Table 3. ROUGE-1 F1 comparison Prediction with Gold and Lead-3

We investigated some properties of the resulting solution (Prediction) compared with the leads of the analyzed news: Lead-3 (news lead of Lenta.ru) and Gold (news lead of “Коммерсантъ”). It turns out to be closer to each of the Lead-3 and Gold than they are among themselves (Table 3).

Table 4. ROUGE-1 Recall results on test set of Russian news dataset.

Prediction is much closer to the intersection of Lead-3 and Gold than each of the news leads (Table 4). This indirectly indicates the automatic selection in the abstractive summary more important details of news content and ignoring the secondary. Table 5 provides a translated example of the resulting annotation.

7 Conclusion

In this paper, we demonstrated the application of pre-trained language models for abstractive summarization of Russian news.

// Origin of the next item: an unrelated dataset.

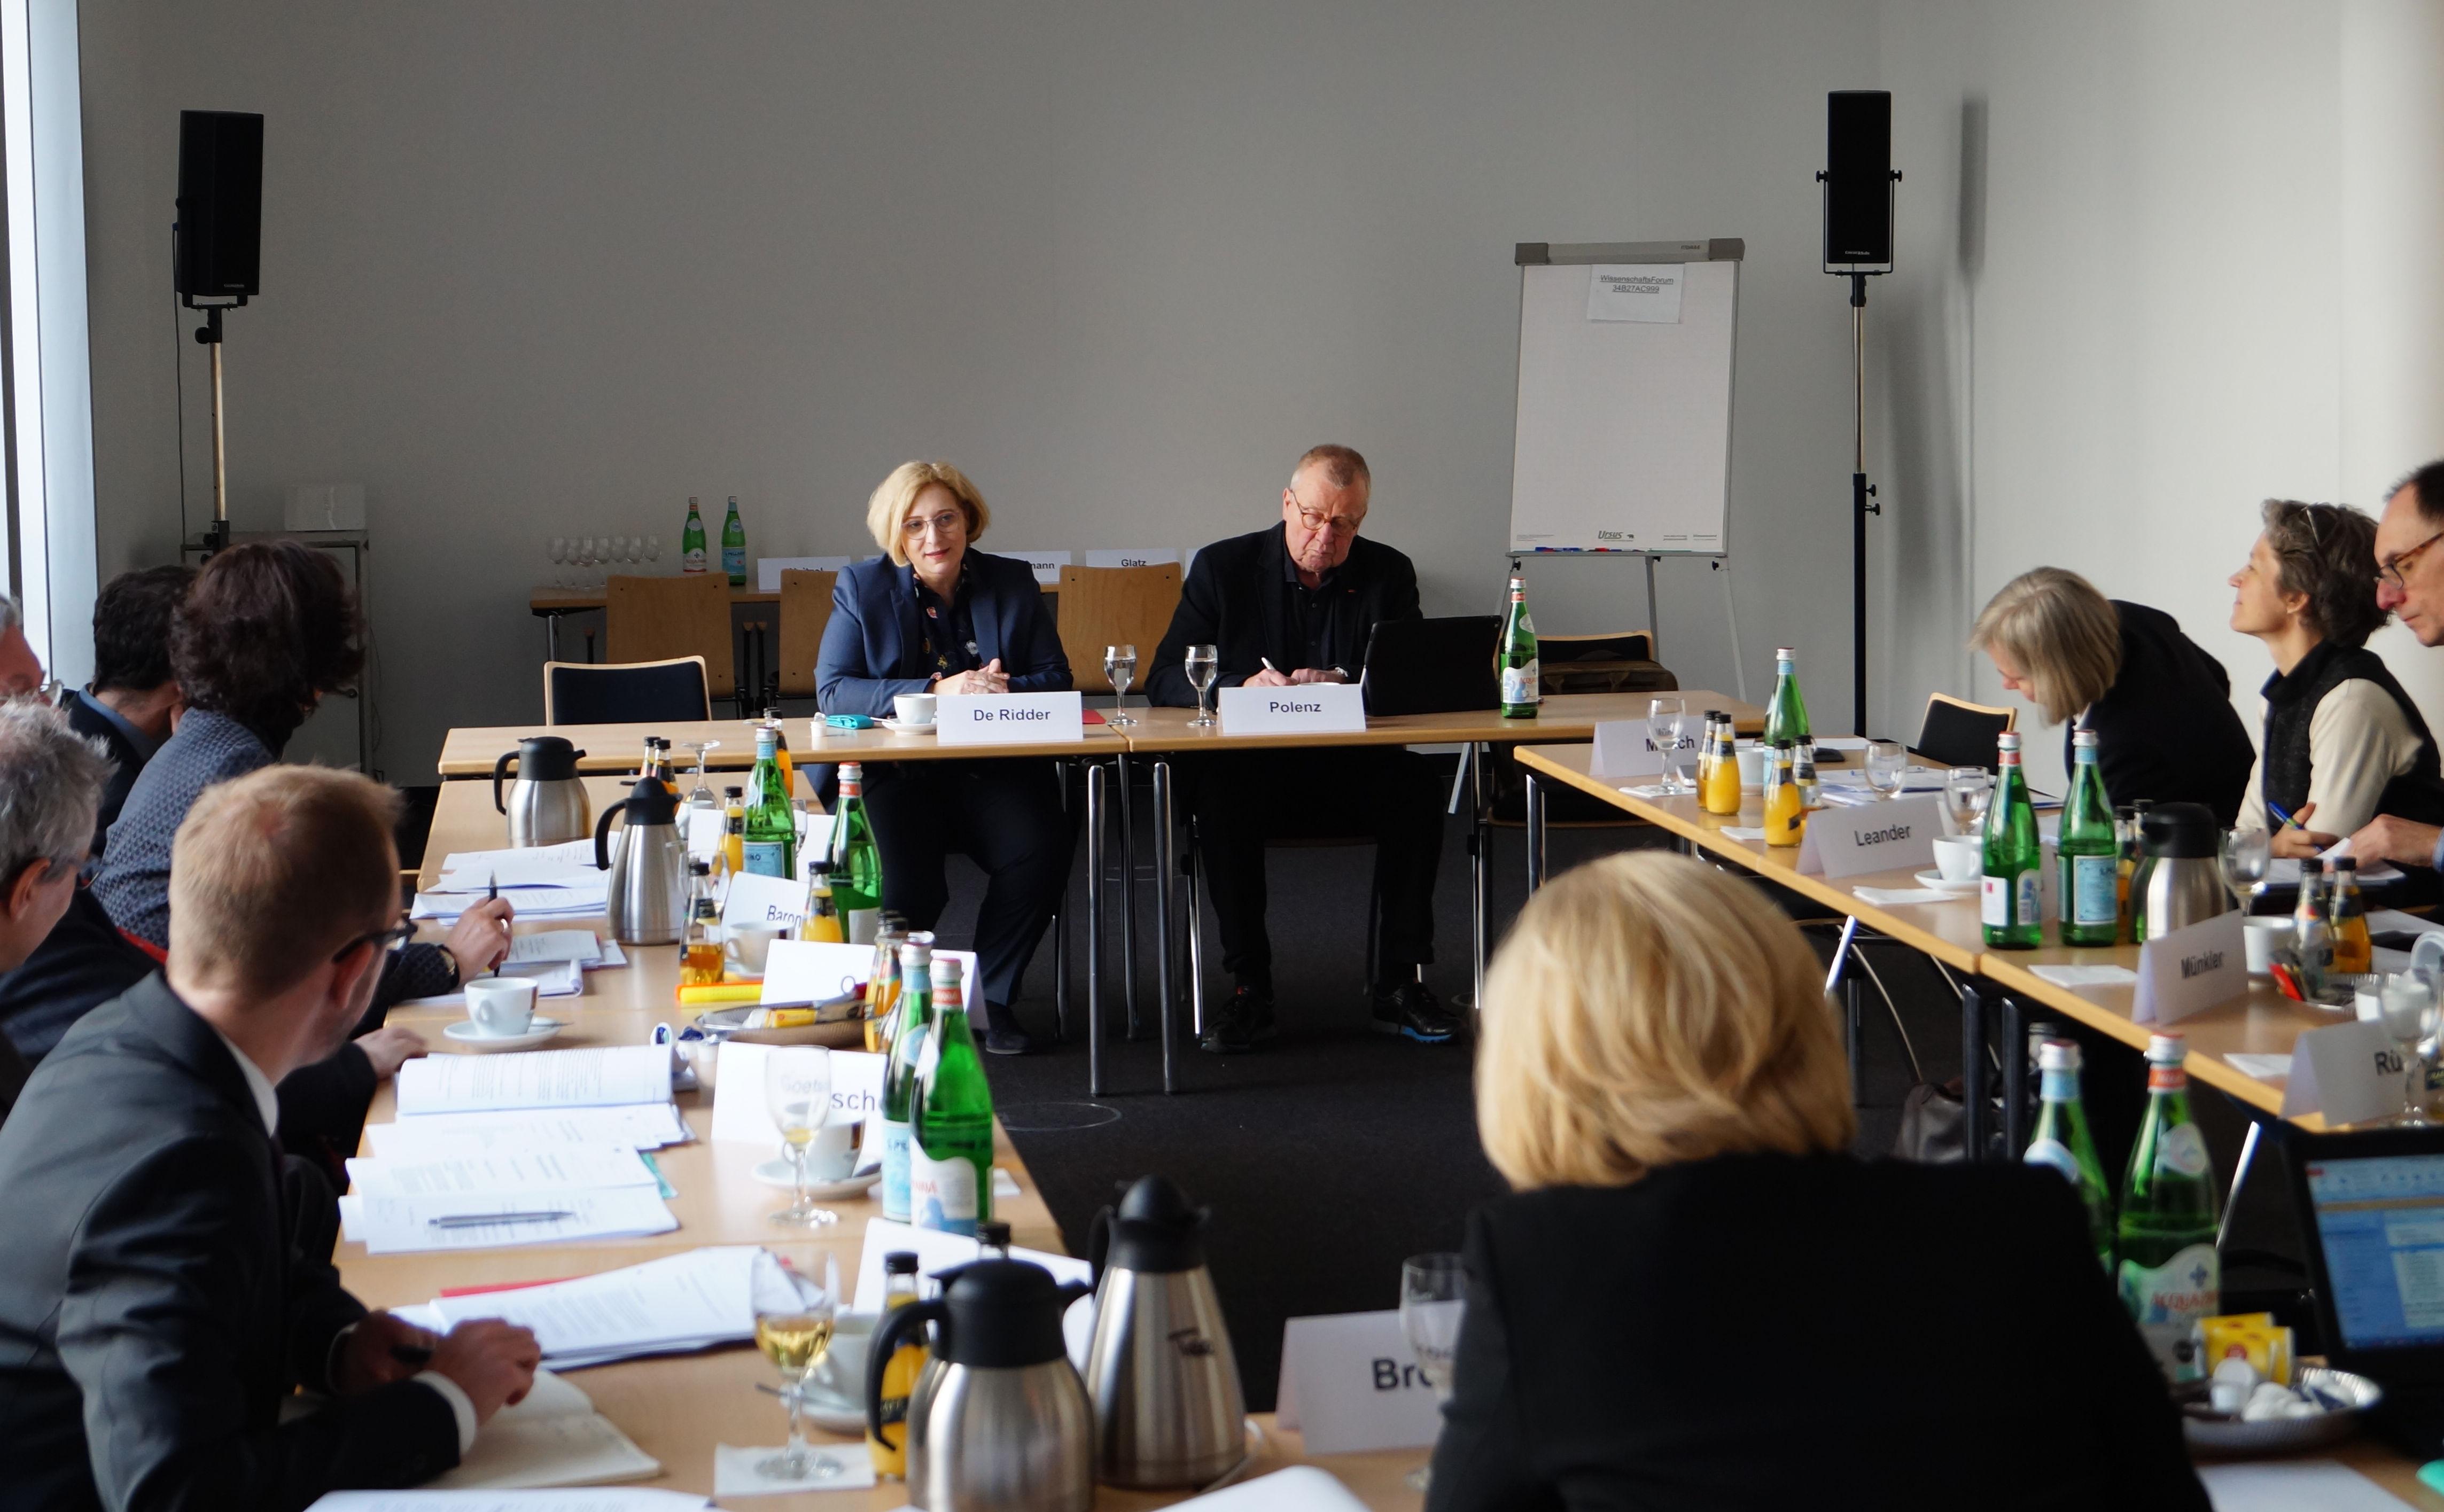 Dr. Daniela De Ridder zu Gast beim Forum des Wissenschaftsrats

We proposed a method for building a learning dataset for the task and developed a fine-tuning process for proper training. The experimental results across the dataset show that the model outperforms simple extractive and abstractive baselines and indicate the importance of BERT pretraining on task’s language. While we were preparing this article, we discovered a parallel work [6] that also considered the problem of abstractive summarization and proposed a new dataset with human-written summaries for Russian language. In further work, we plan to use this data to improve our approach and adopt methods with additional conditions for a summary generation.